Dans tous ces cas, les « emprunts » sont à la fois des hommages (Lovecraft), des clins d’œil à une culture partagée avec le lecteur (Harry Potter) mais aussi des détournements (Bree Van de Kamp.) Surtout, ils constituent des étayages : le lecteur, dans la mesure où il a affaire à une encyclopédie dont il partage les références, accepte plus volontiers de s’immerger dans un univers fictionnel ; à la limite, il accepte le pivotement qui lui est proposé entre son « réel » et ce qu’il lit. C’est précisément la question posée par l’épisode de Buffy, comme dans le cas de Sutter Cane et d’autres, et qui renouvelle agréablement la question canonique à la fin d’un récit d’épouvante : « était-ce un rêve ? »
2. Vampire et psychologie
Quittons provisoirement Buffy pour examiner Une femme avec personne dedans. De ce texte on ne retiendra que la relation entre l’auteur et sa lectrice, qui est une variation sur le motif du vampire, mais pas exactement dans le sens suggéré par Tournier. Mais il faut préciser d’emblée que le savoir psy que détient à l’évidence l’auteur ne l’emprisonne pas. Elle ironise à plusieurs reprises sur les prétentions des analystes à « comprendre » ou commenter son histoire, son mal-être : dans Le Cri du sablier intervient de loin en loin un psy qui fait chaque fois fausse route, et dont le texte finit par dénoncer le caractère fictif :
Il me fallait seulement dialogue à l’avatar un double ficelé rôti pour enfourner proprette ma post-consomption […] Car depuis le début tout n’était qu’autopsy[18].
L’auto-analyse forge ses propres outils, même si elle fait usage de ceux que l’analyse peut lui fournir.
Une femme avec personne dedans relate l’identification pathologique d’une lectrice à l’écrivain, difficilement supportable pour celle-ci, car elle lui présente un miroir, mais déformant. Le manuscrit de la lectrice lui apparaît comme « un décalque malsain de [ses] trois premiers livres. […] sa langue […] ânonnait les stigmates de la mienne » (UF 8). La narratrice s’interroge sur la carence qui a provoqué cette assimilation morbide : « qui pouvait à ce point être devenu aphone pour se greffer fil blanc, au vif des cordes vocales, mes polypes étrangers ? » (UF 8) Nous reviendrons sur cette émergence de la voix, voix empêchée d’un côté, voix dérobée/dérobante de l’autre. La lectrice finit par énoncer son but : « Je veux être à mon tour Chloé Delaume » (UF 12). Face à l’impossible de cette demande, la narratrice tente de donner un conseil : « cesser d’aspirer mon ombre » (UF 8), c’est-à-dire : cesser d’être (ou d’essayer d’être) mon vampire. Mais la lectrice se suicide. Son secret : elle a été victime d’un inceste, et l’écriture ne lui a pas permis de surmonter son trauma. Commentaire, implacable mais lucide, de la narratrice : « Elle n’avait pas saisi qu’une plaie seule ne chante guère » (UF 11).

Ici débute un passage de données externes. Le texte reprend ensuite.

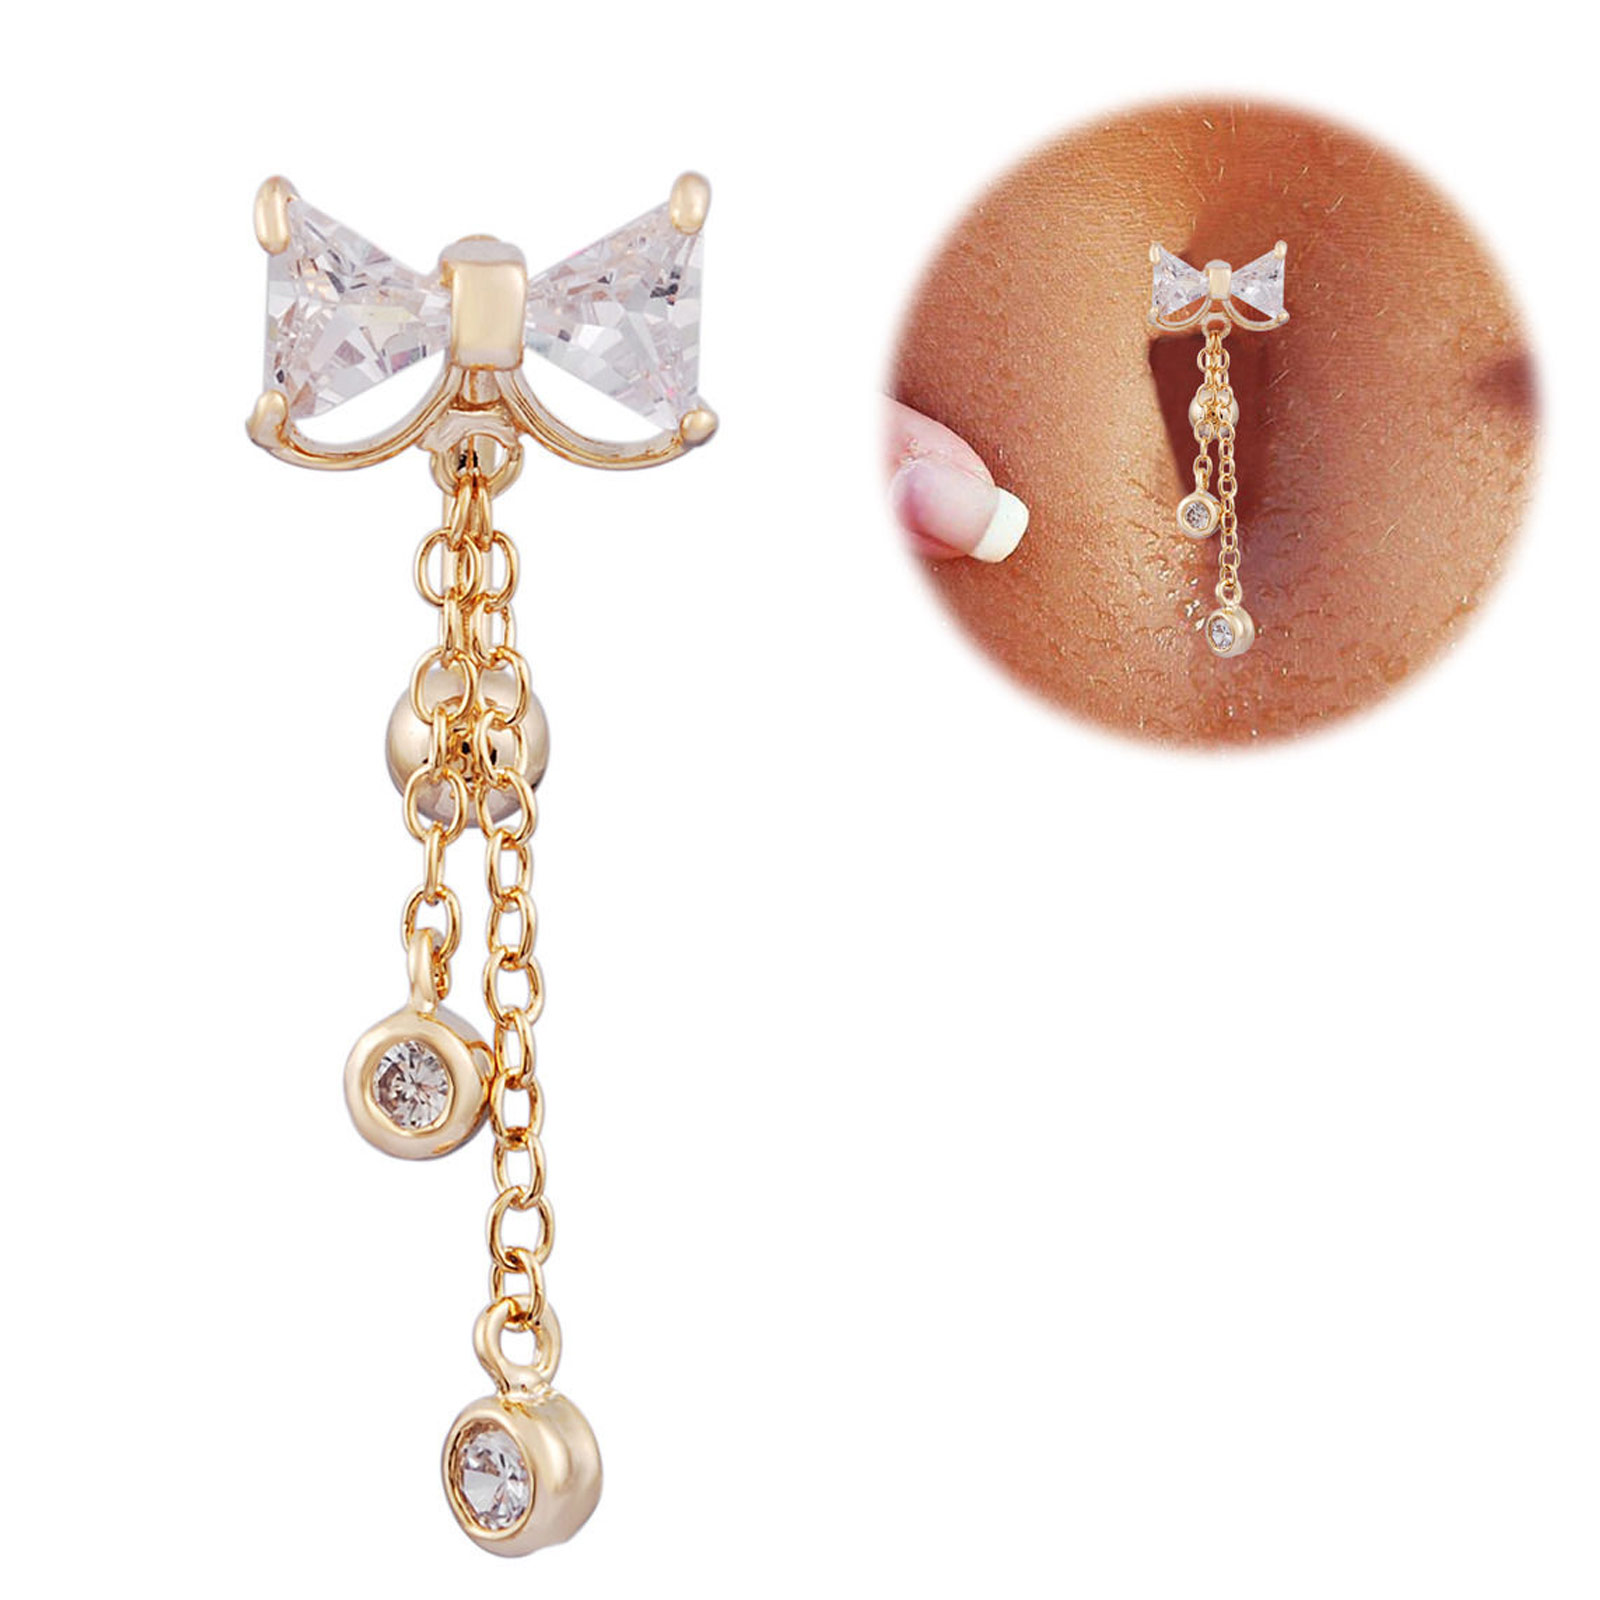 Piercing Jewelry Screws Bodyjewellery 18g 18 Gauge 1mm Clear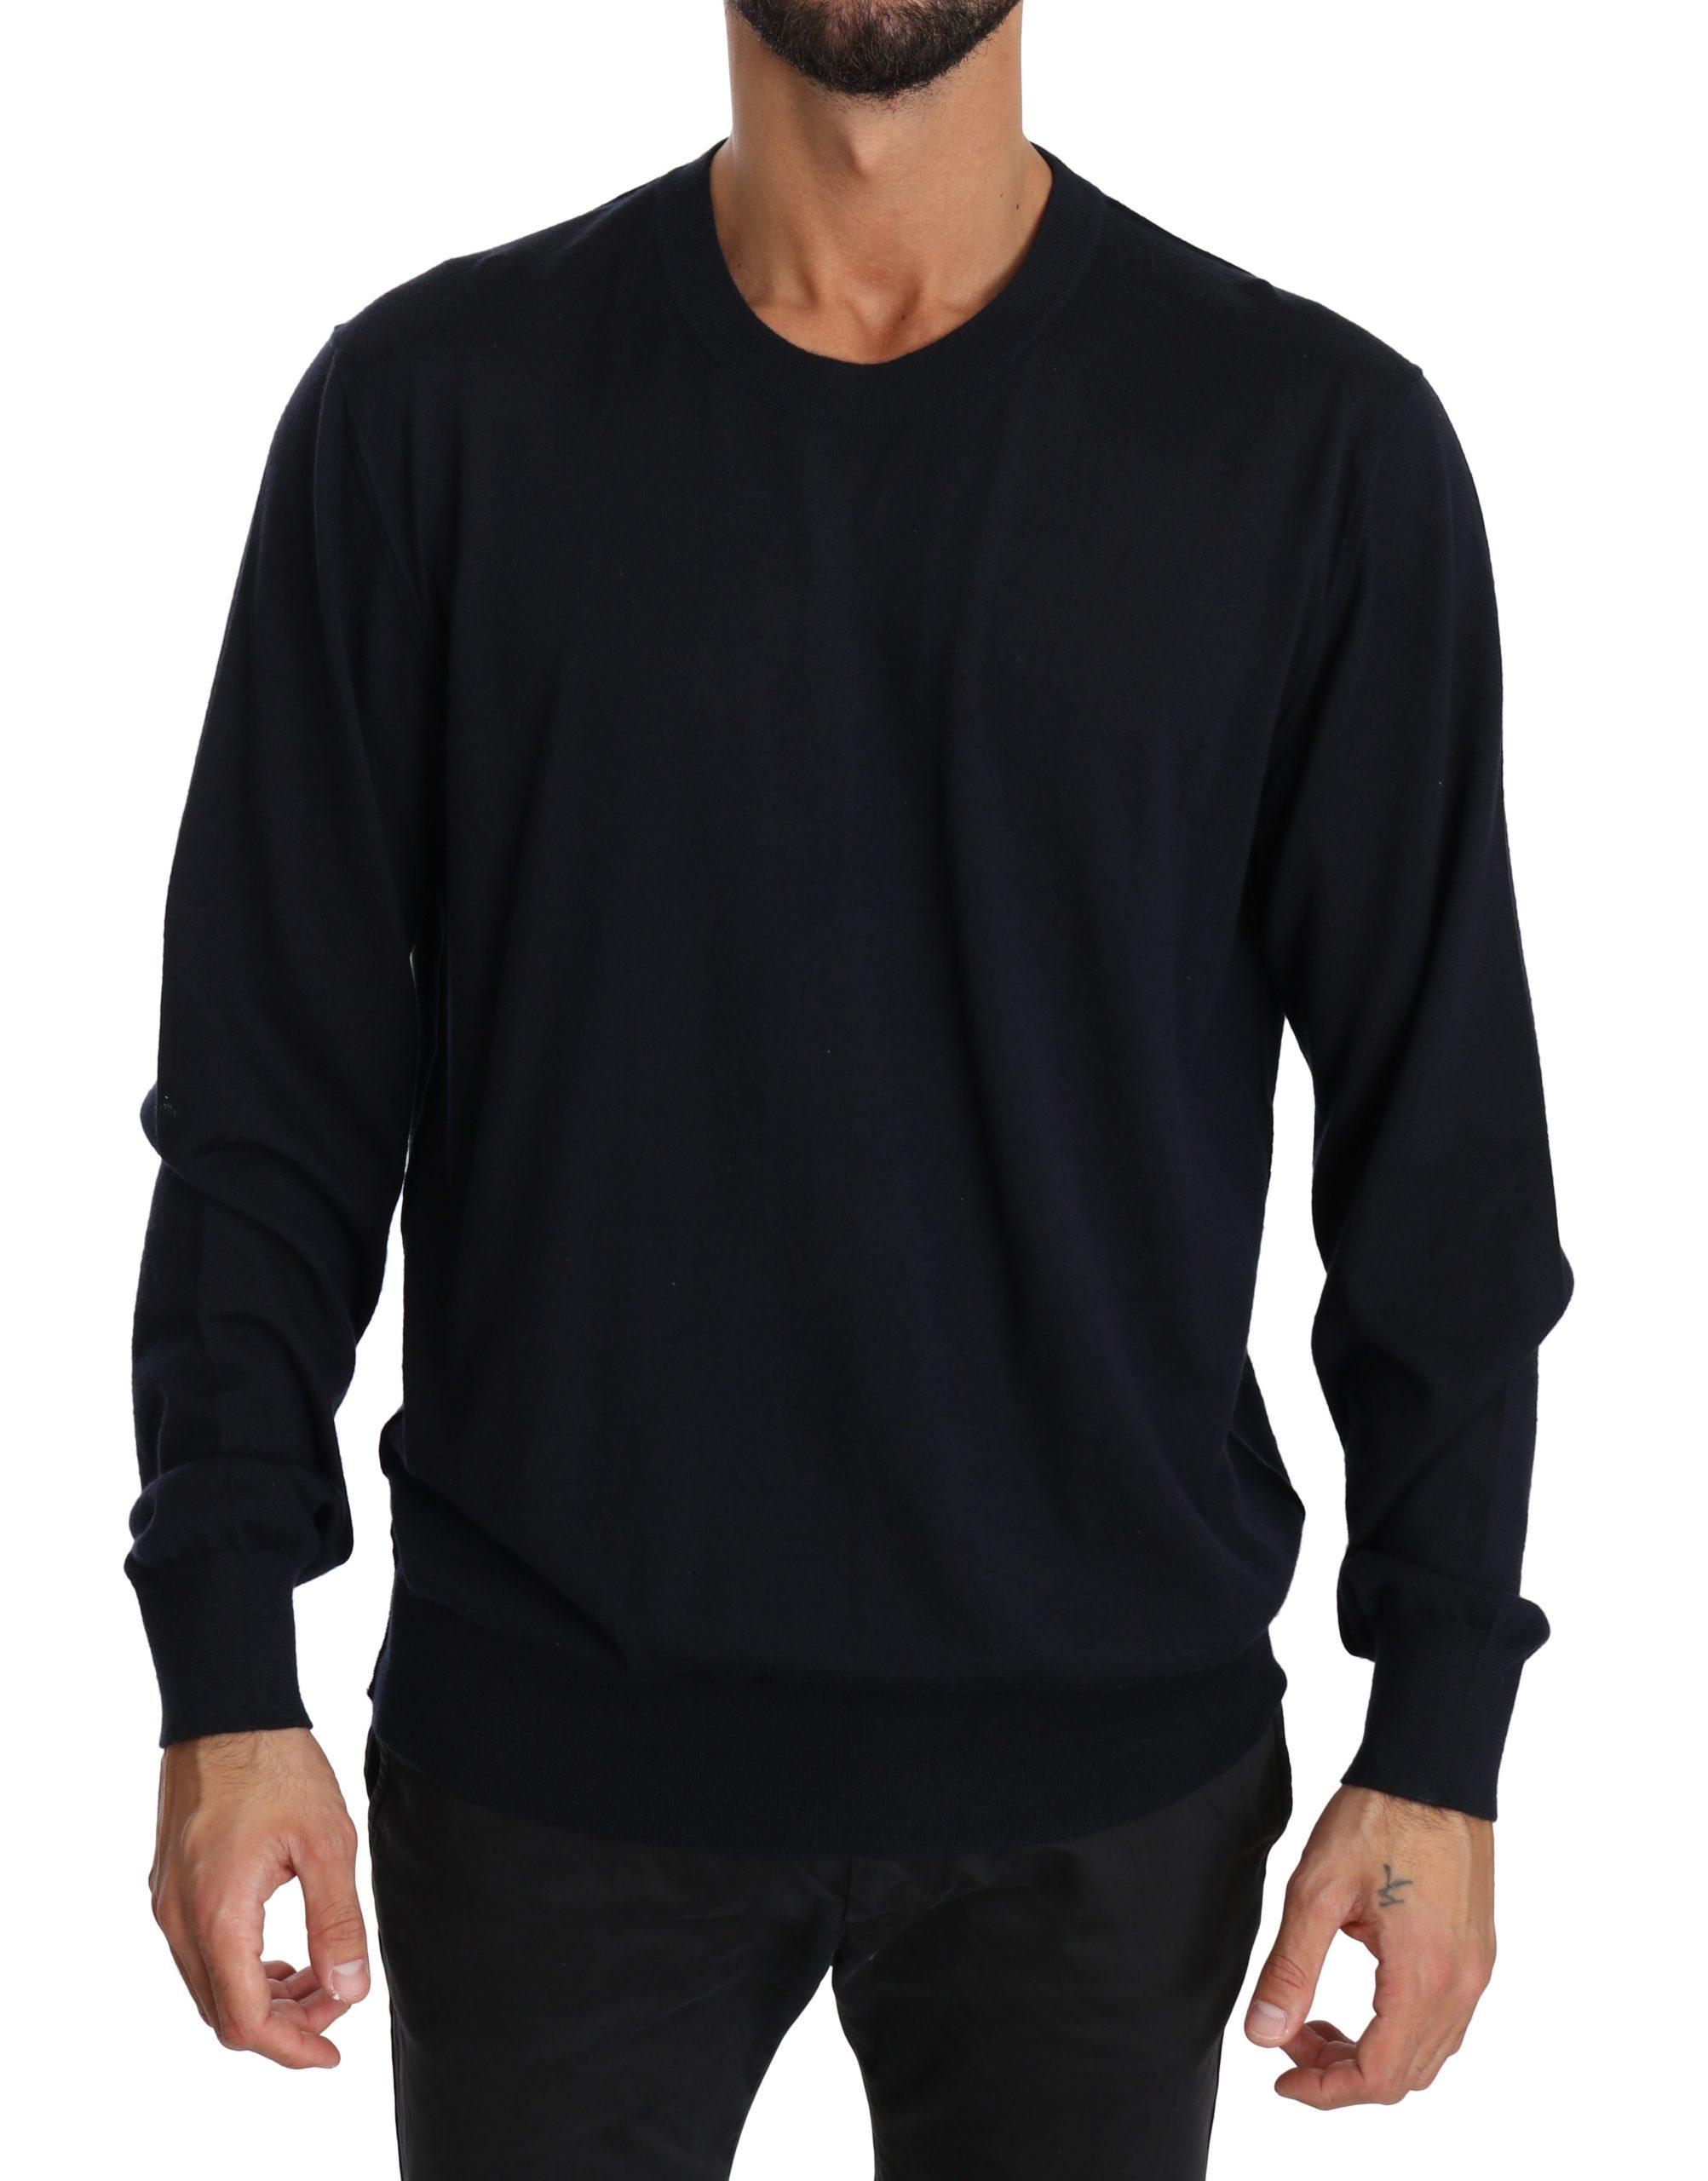 Dolce & Gabbana Men's Cashmere Crewneck Pullover Sweater Blue TSH3940 - IT52 | XL

Ce suicide, point de départ du livre, ouvre ou plutôt accompagne une crise dans la vie de la narratrice, qui se dit « exsangue » (UF 9). Les ruptures, liaisons et déliaisons évoquées sont renvoyées à une cause unique :
Être en moins, c’est la cause. J’ai déserté mon corps il y a des années […] J’ignorais que la vacance pouvait être visible pour une âme extérieure. […] Un qui suis-je, n’est-ce pas, qui suis-je. Peut-être bien une femme avec personne dedans. (UF 15-16)
Je m’enfonce au divan, une enfant laissée seule, toujours seule. L’ennui. L’ennui, le vide. L’angoisse qui creuse, les os troués, l’attente attire les morts vivants (UF 27).
Et de fait, les morts-vivants sont bien arrivés : « Mon cœur a l’âge d’une reine vampire » (UF 35). Comme le prouve l’expérience du miroir, bien connue de tous les lecteurs de Bram Stoker et autres : « mon reflet n’y est plus » (UF 86). La narratrice a donc bien été vampirisée (« exsangue »), toutefois la conséquence n’est pas la mort, ou la transformation en un nouveau vampire qui répandrait à son tour la malédiction, mais la perte du langage, ou de la parole. Le lecteur est confronté à deux chapitres quasi-vides, l’un intitulé « Calliope, mutisme », l’autre « Calliope, autisme », qui ne comportent qu’une phrase chacun : « Ceci est le récit de ma propre Apocalypse » (UF 69). « Ceci est le récit de ma propre Apocalypse, il ne faudrait pas l’oublier » (UF 99). Calliope, muse de la poésie, de l’éloquence, est donc ici à contre-emploi, mais la référence érudite ne doit pas masquer la terreur, car c’est un mutisme qui remonte loin, à l’enfance et au silence imposé par l’entourage :
Vous fûtes témoin cuisine dénouement innommable pour tout individu benoîtement formaté. Chaque membre de la famille redoutait qu’un matin vous lâchiez le récit au petit déjeuner. Vous fûtes enfant rustine du silence imploré [19].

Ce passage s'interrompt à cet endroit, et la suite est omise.